FIG. 3 shows another process for approximating a device parameter. The process shown in FIG. 3 starts 150 with obtaining 152 some new or target device with some or all normally known parameters. For example, if the obtained 152 device were an automobile engine, the obtained 152 device might have number of cylinders, engine displacement, maximum manifold pressure, compression ratio, fuel type, or some other parameters (but might lack performance parameters such as power and/or torque vs. RPM curves). In the case of a disk drive, the obtained 152 device might include known values for rotational speed, seek time, and transfer rate (see FIG. 4) but might lack values for random/sequential read/write performance parameters.

Because some types of devices have different critical parameters or performance parameters that depend on different combinations of types of configuration parameters, there may be a step of dividing 153 the configuration space into one or more subspaces. The dividing 153 results in a different approximation computation being performed for different target performance parameters, with approximation each being based on a different subset of configuration parameters of reference devices (even possibly different subsets of reference devices).

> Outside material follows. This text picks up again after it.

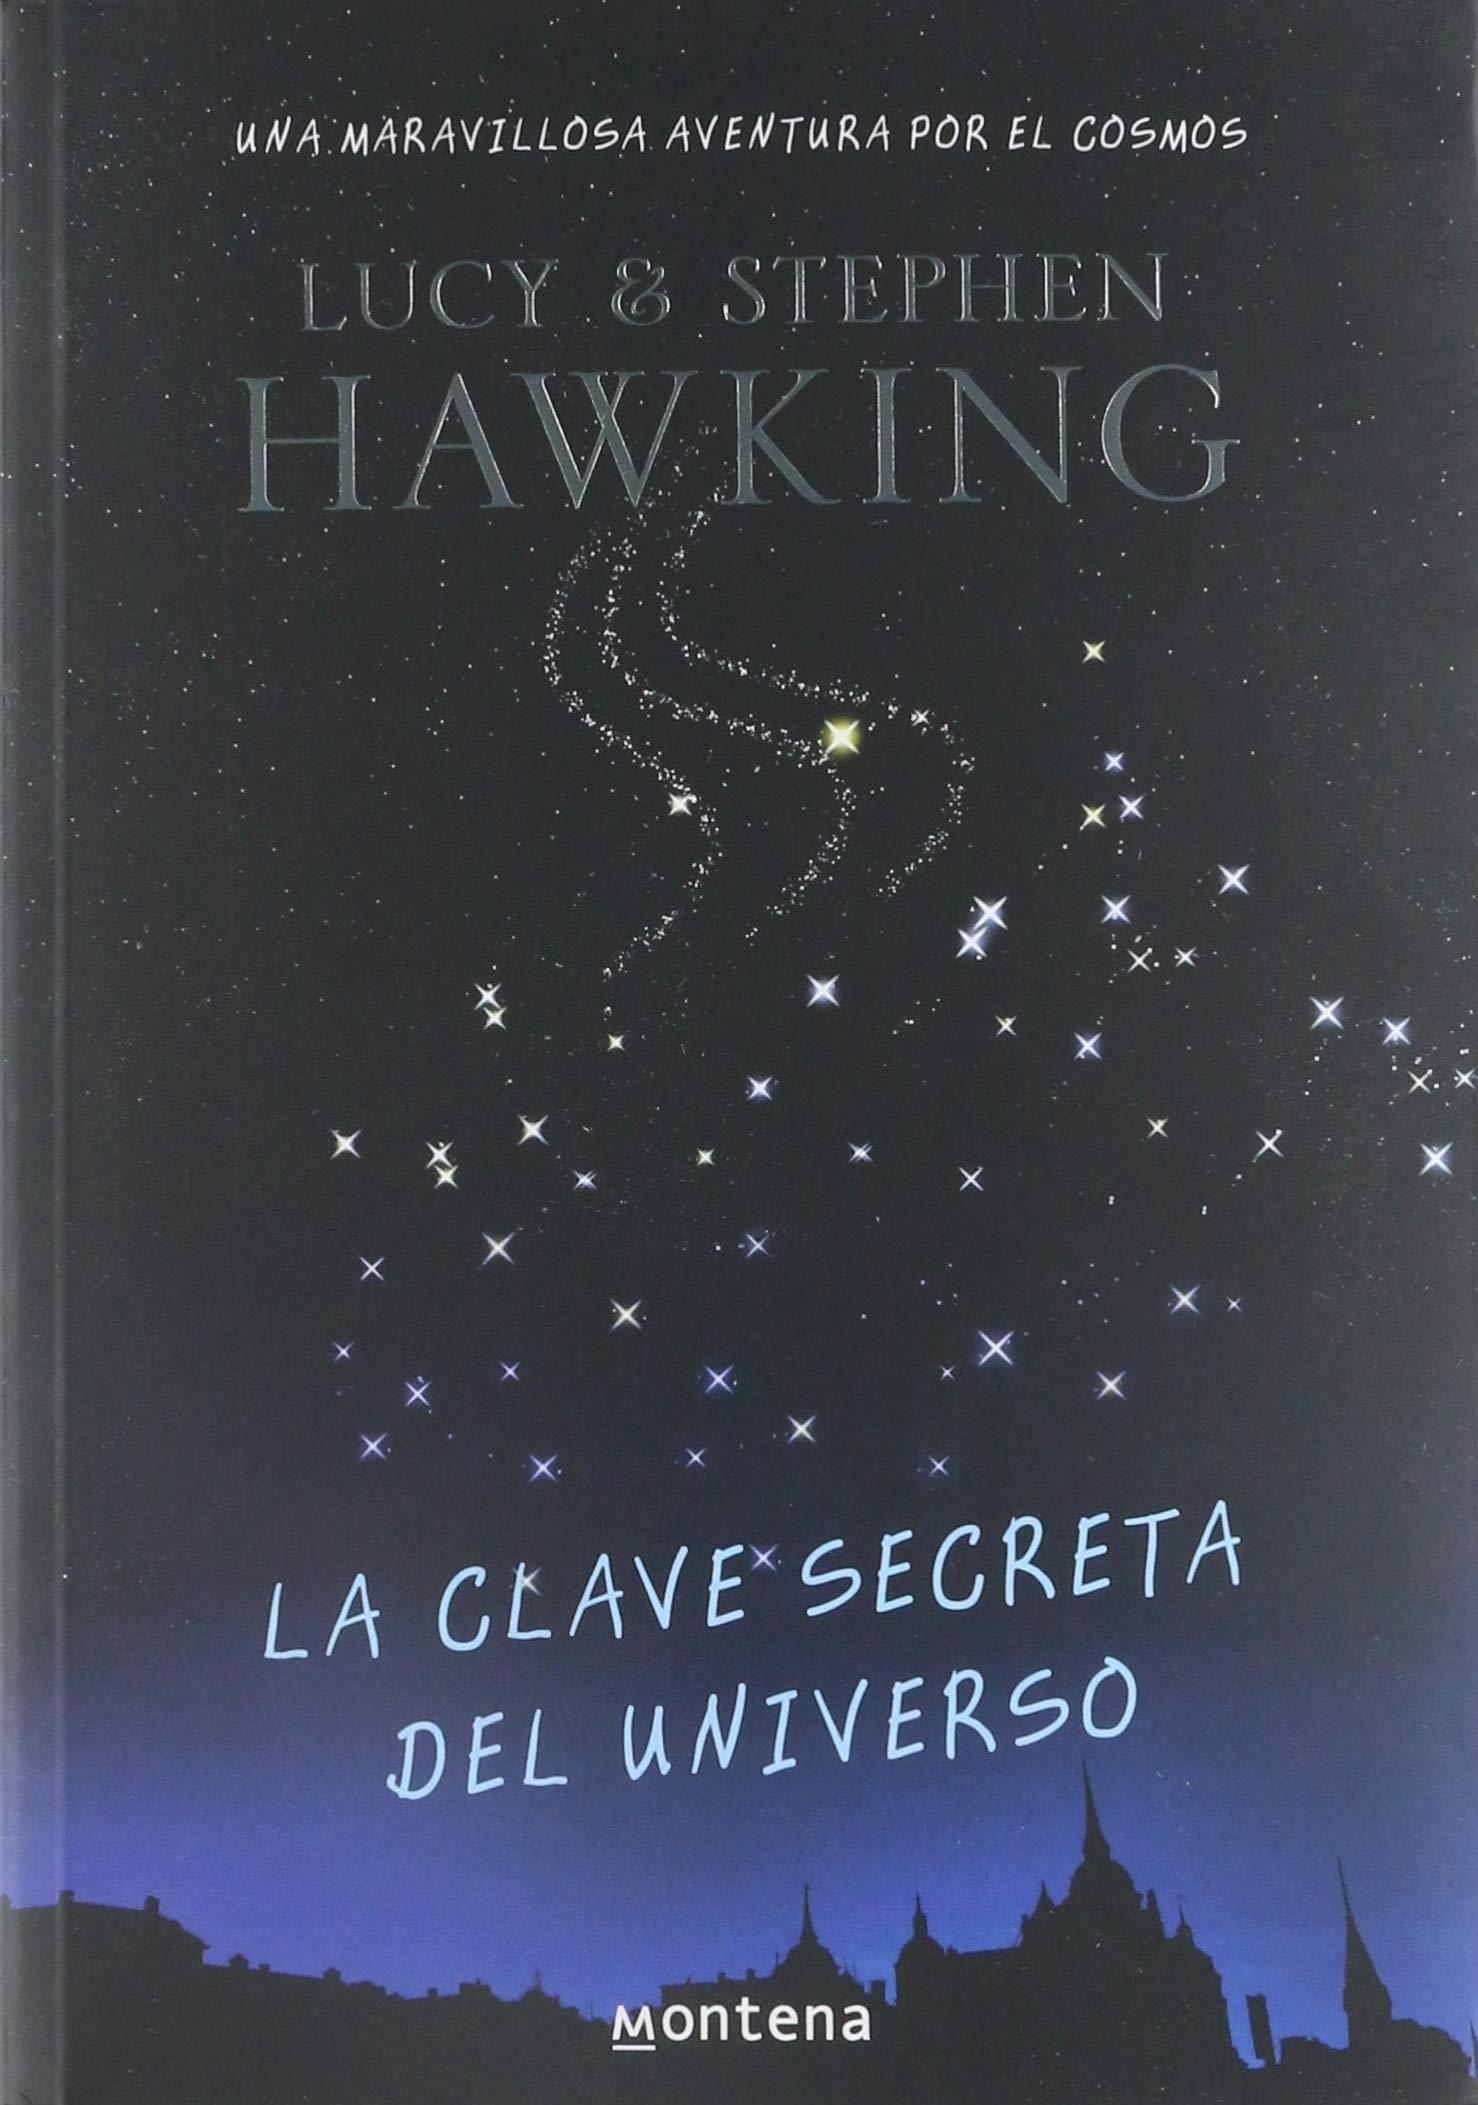 La clave secreta del universo (Spanish Edition): Stephen Hawking:  9789708101264: Amazon.com: Books
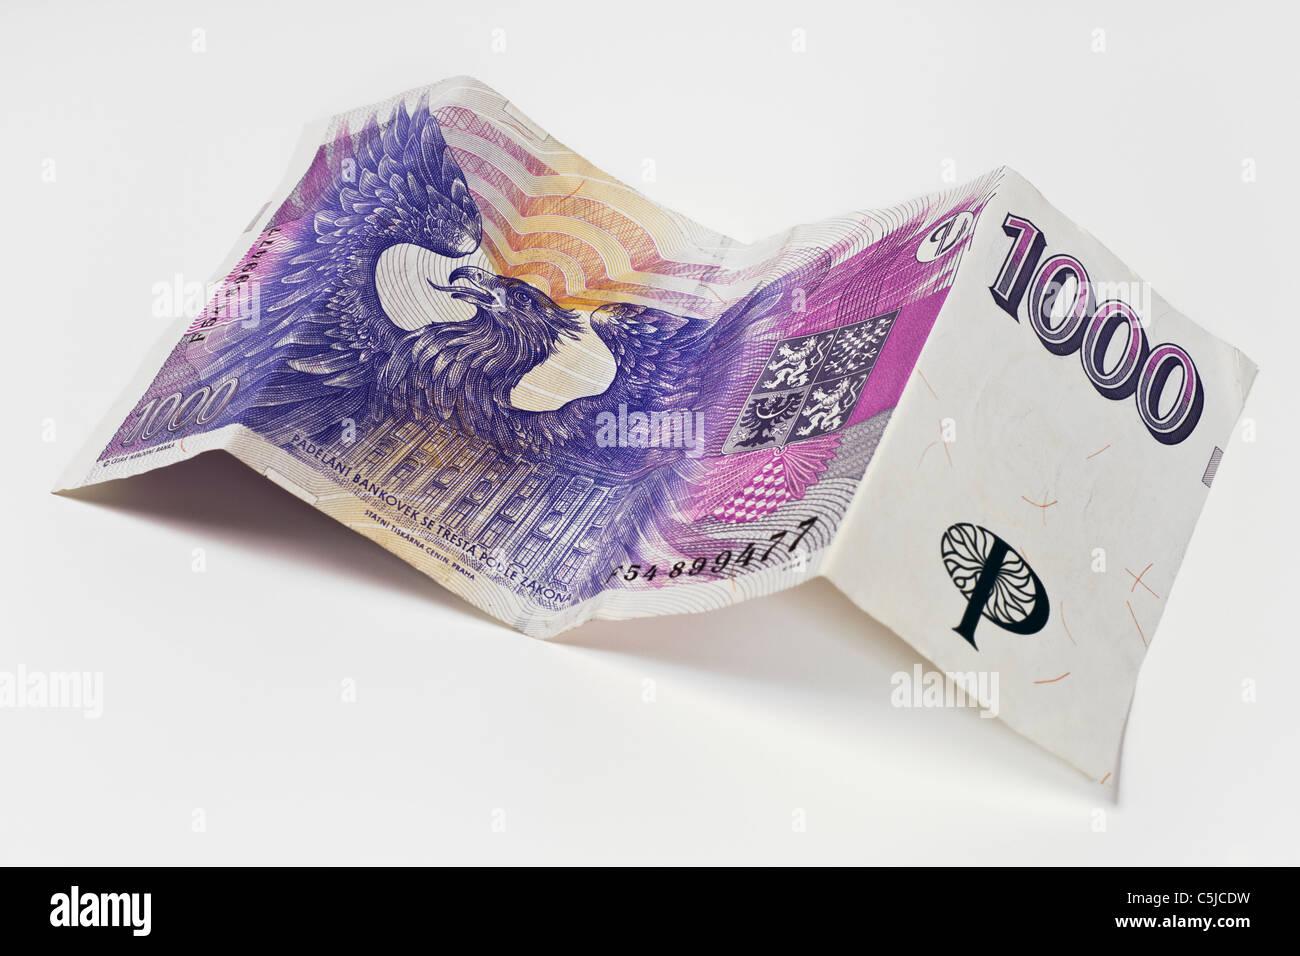 Rückseite einer tschechischen 1000 Kronen Banknote | back side of a czech 1000 koruna Banknote Stock Photo

Whether the problem space is divided 153 or not, the process proceeds to filter 154 reference devices from a reference device library 156 to obtain a set of devices that will be the basis for obtaining an approximation. The reference device library 156 may store different types of device configurations (see FIG. 1). Filtering 154 involves searching a set of device configurations such as that shown in FIG. 1. The idea of filtering 154 is to find reference devices that have similarities (e.g., common configuration parameters with perhaps equal or “close” values) to the target device (obtained 152 device). The filtering 154 can also relax or “backoff”. That is, criteria for filtering 154 can be relaxed (or tightened) as needed to obtain a suitable pool of reference devices. For an example, see FIG. 7. In one embodiment, there may be ordered filter criteria, such that the library 156 is filtered for devices which match the new or target device, and if an insufficient number of library devices match the new device according to the filter criteria, then the filter criteria is relaxed and retried. If the filter criteria are fully relaxed and insufficient matches are found, then the approximation process fails 158. The relaxation sequence may be ordered according to the order of importance of configuration parameters in determining the accuracy of the approximation, where the importance is determined by the strength of the correlation between the configuration parameters and the performance parameters. That is, parameters which are less important can be relaxed before parameters which are more important. Other ordering bases may be used.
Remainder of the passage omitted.